We've been modifying how we grow the summer squashes over the past several years for a few reasons.  First, changes to other crops resulted in moving these crops from one part of the rotation to another.  When you change conditions for a crop, you should probably expect a change in production, which there was.  We also reduced our production levels because we felt like there were too many good fruit going to waste on these plants and we didn't feel like there was enough of a market to move the excess at the numbers we were producing.  That, and our CSA members were telling us they couldn't use that many fruit either.  So, we cut back on this crop so we could concentrate more on other crops.

That brings me to a 'sidebar.'  There are often markets for items if we grow larger amounts of excess (and sell at a lower, bulk price), but it is easy to get caught with an odd amount of extra product that is less easy to sell.  We were landing there far too often.

This season, production numbers still have not been fantastic, but I need to remind myself that we have reduced production and I still have memories of years with higher numbers simply because of the amount we were growing.  Our first succession is largely finished and the second succession will get its first pick on Thursday of this week.  We were sitting at just over 700 summer squash and almost 600 zucchini with only that first succession.  If the second does similarly, we are on target for numbers that exceed both 2014 and 2015, but are well below some of the high production years.  In short, fairly comfortable numbers.

Why Should I Carrot All?
We tried seeding our carrots on the farm more than once this season and the germination rates were poor in all but one case - the batch in our high tunnel.  We were not the only ones in Iowa having this issue, so I guess we don't feel all that bad.  Ok, we do.  But the reality about carrots for us is this - direct seeded carrots can be picky and we have Jeff Sage growing carrots for our CSA in addition to what we grow.  That safety net allows us to concentrate on other crops and not waste too much time on the carrots.

We have certainly grown great carrots in the past.  We expect to grow them again in the future.  We were able to pull out 122 pounds from the high tunnel planting which is on par with the 109 pounds last year.  But, we don't have the additional field carrots (we had over 1000 pounds in 2013, for example).  The good news?  See the next crop.

Minding Your Peas and Cukes
We are actually going to focus on the cuke part of this one today.  Why?  Because I hear the people of this world crying out, "Peas!
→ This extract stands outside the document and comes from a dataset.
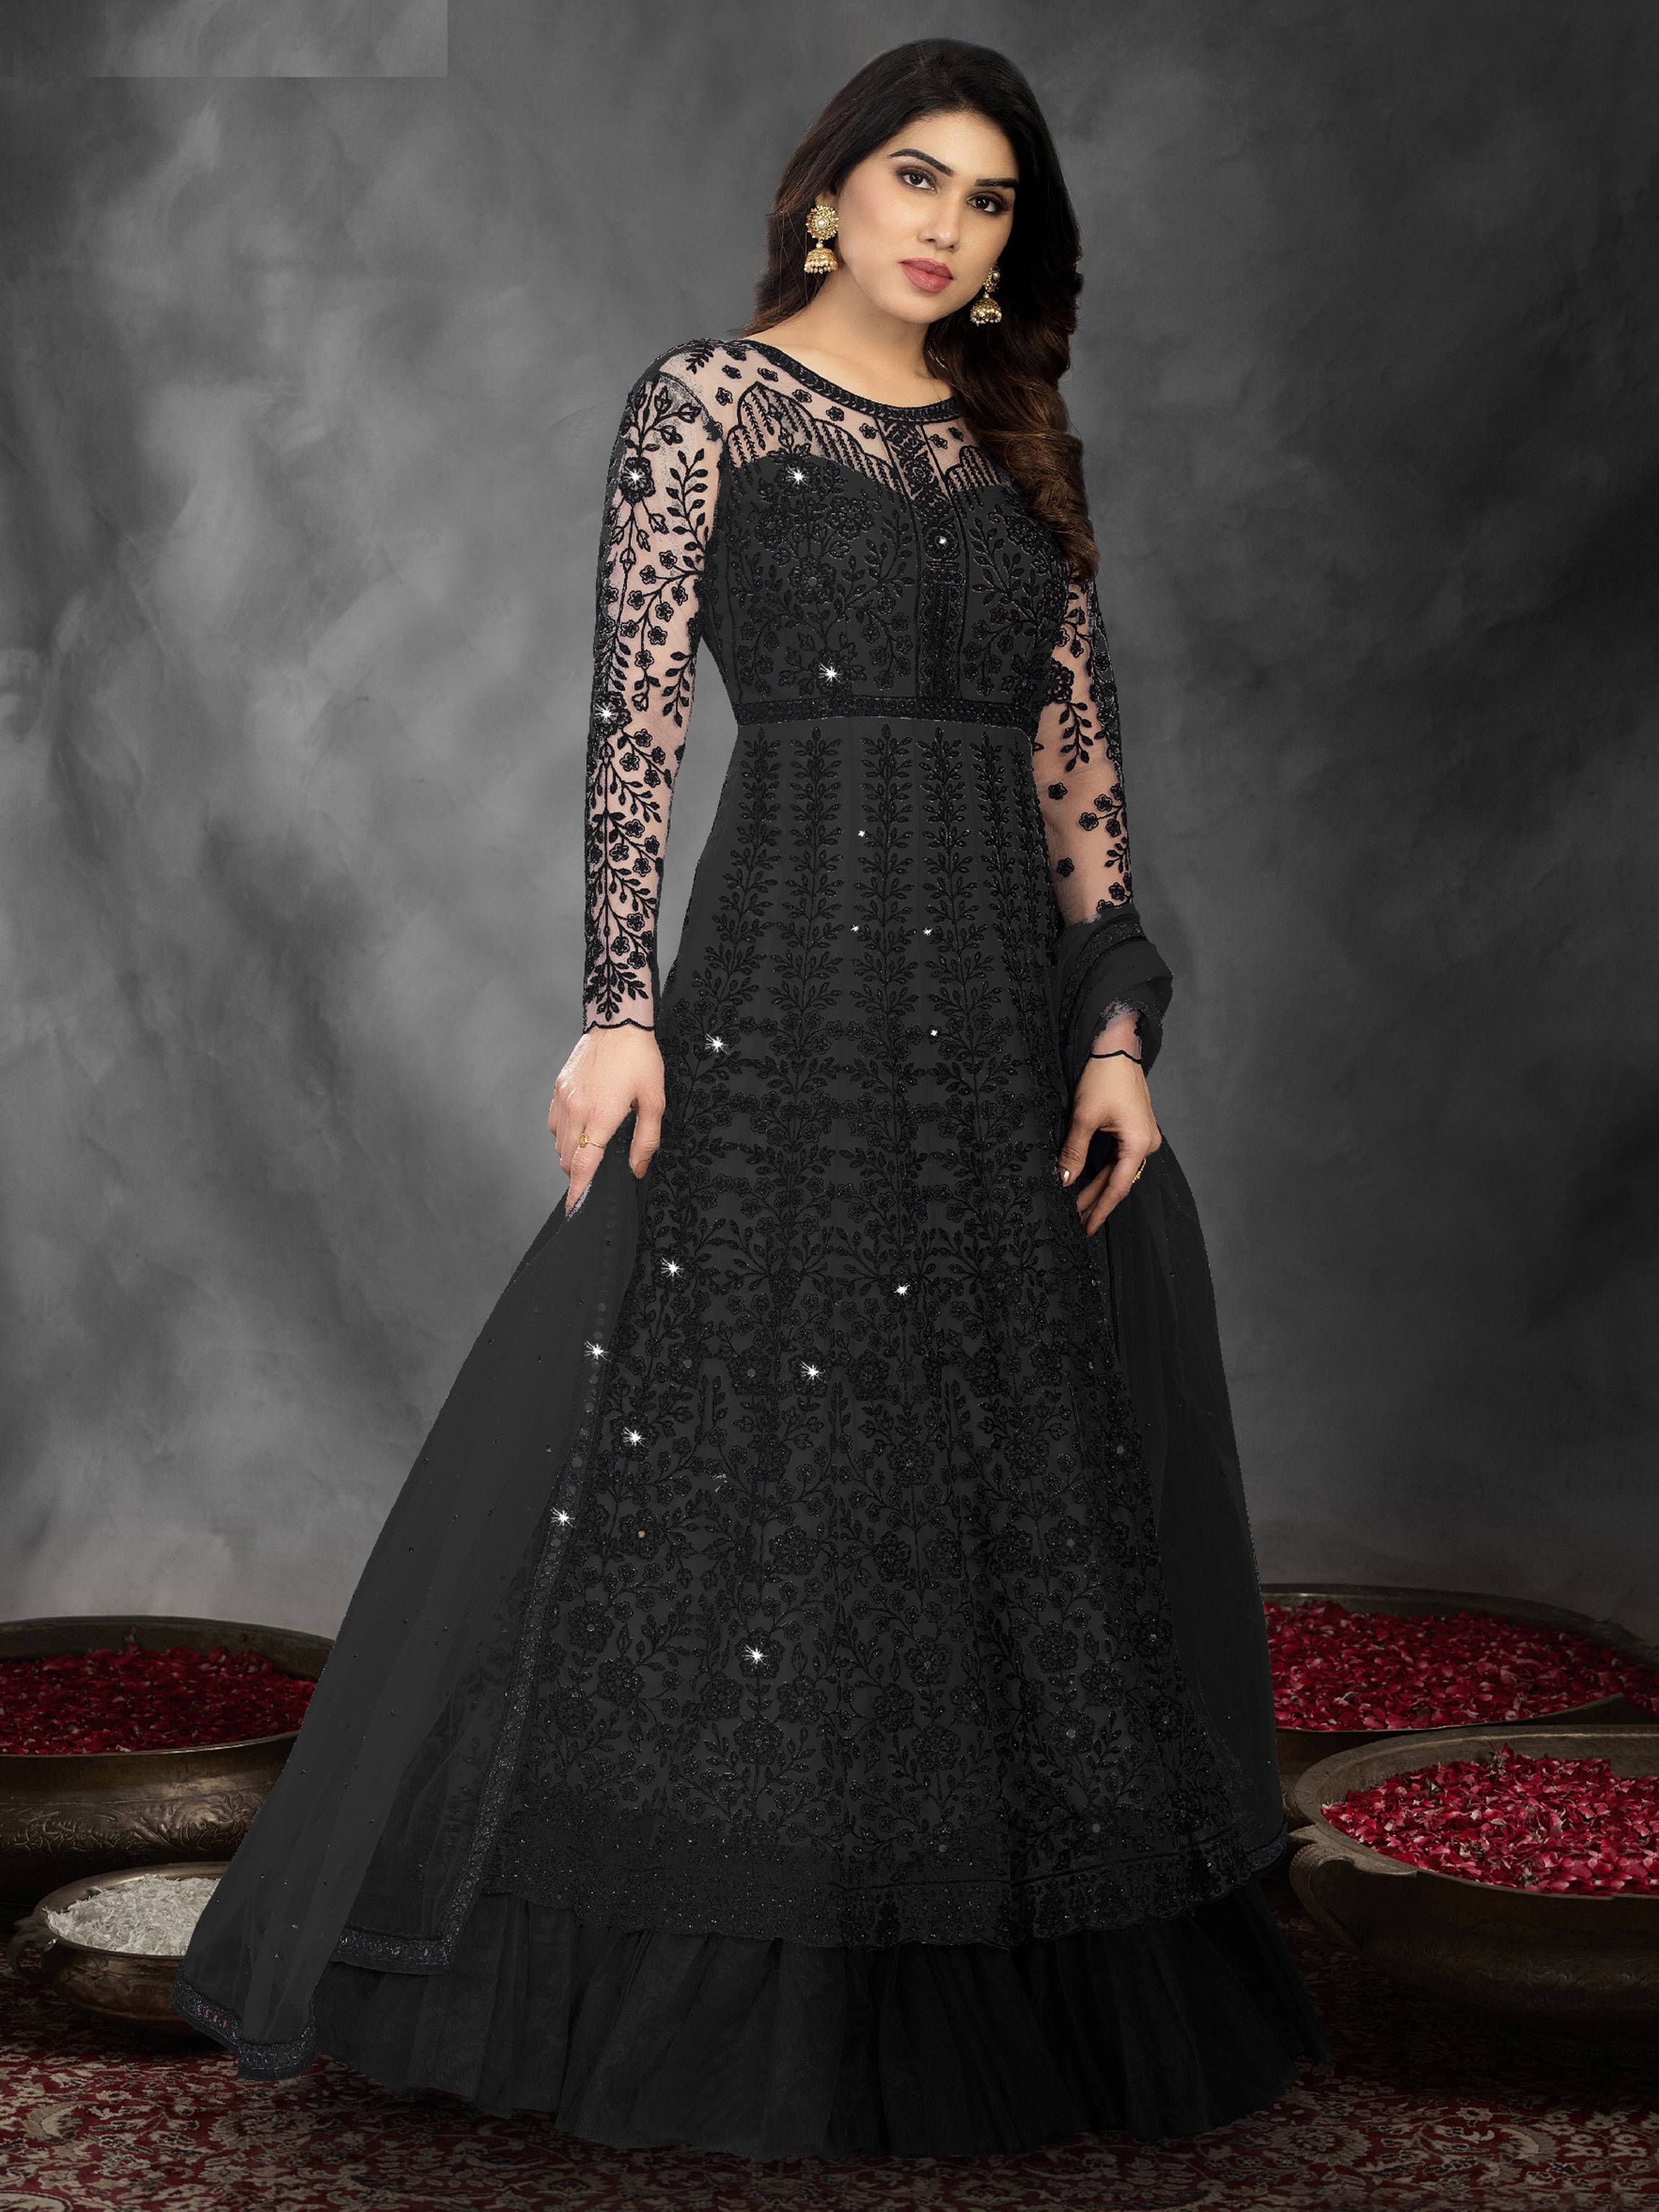 Jaguar | Black net dress, Wear black dresses, Net dress design

No more puns!"  What?

The cucumber crop actually did better than last year, even though our numbers do not necessarily indicate that.  We harvested just under 3000 fruit this year (up only slightly from 2015), but they came over a longer period of time -which was a goal we had for this year.   And, there were many cucumbers we did not harvest.  So, it is likely that our numbers would have easily reached the 5000 mark we hit in 2012 and 2013.  We see no reason to pursue 2010's record of 7300 at any point in the near future.


It is only natural that readers might wonder why we left perfectly good cucumbers in the field.  The answer my friends, is in the available resources - primary of which is time and secondary is space.  Perhaps we have the space, but then we would need more time to make that space.  And, we would need time to distribute or sell more cucumbers.  Suffice it to say, the cucumbers did what was needed and we had to recognize that they were only one crop of many.

On the plus side, we were able to send cucumbers to Grinnell Heritage Farm and Blue Gate Farm this year.  And, it is possible we can get some carrots from Grinnell later in the year if Jeff doesn't have them.  See, things work out.

Would you like to see more crop reports like this one?  Tell us which crops you want to hear about!

Friday, September 9, 2016

A New Skin Needed

In 2010, we put up our first high tunnel as part of a PFI field day.  We had plenty of help that made the experience go well (and relatively quickly).

Suddenly, it is 2016 - and the plastic is over 6 years old.  We've been incredibly fortunate that it is still intact (for the most part), but it would be folly to try to get one more Winter out of it. 

So - we are trying to get people together Sunday morning (early), September 11 to help us put a new skin on this building.  If you are interested, please send us a note and tell us that you are willing to help. 

Please contact us and let us know you will attend.  If you just show up, you (and we) may be disappointed.  Why?  Well, if we don't hear from enough people, we may cancel.  Your arrival in that case might be a bit awkward.

Why Sunday morning?

Well, there are some critical weather factors that come into play.

1. There can't be wind.
2. We really don't want to do this when it rains
3. If it gets too cold, pulling plastic isn't a good idea either.

It just so happens that Sunday AM should be sunny, with low wind.  Temps will be in the 50's, which is acceptable, even if you might personally find it chilly as compared to recent temperatures.

Rob and Tammy will be working on Saturday to pull off the old plastic and do some repairs prior to Sunday.  There is also some setup to do - such as setting up some scaffolding and finding ladders and materials so the process on Sunday morning will go smoothly.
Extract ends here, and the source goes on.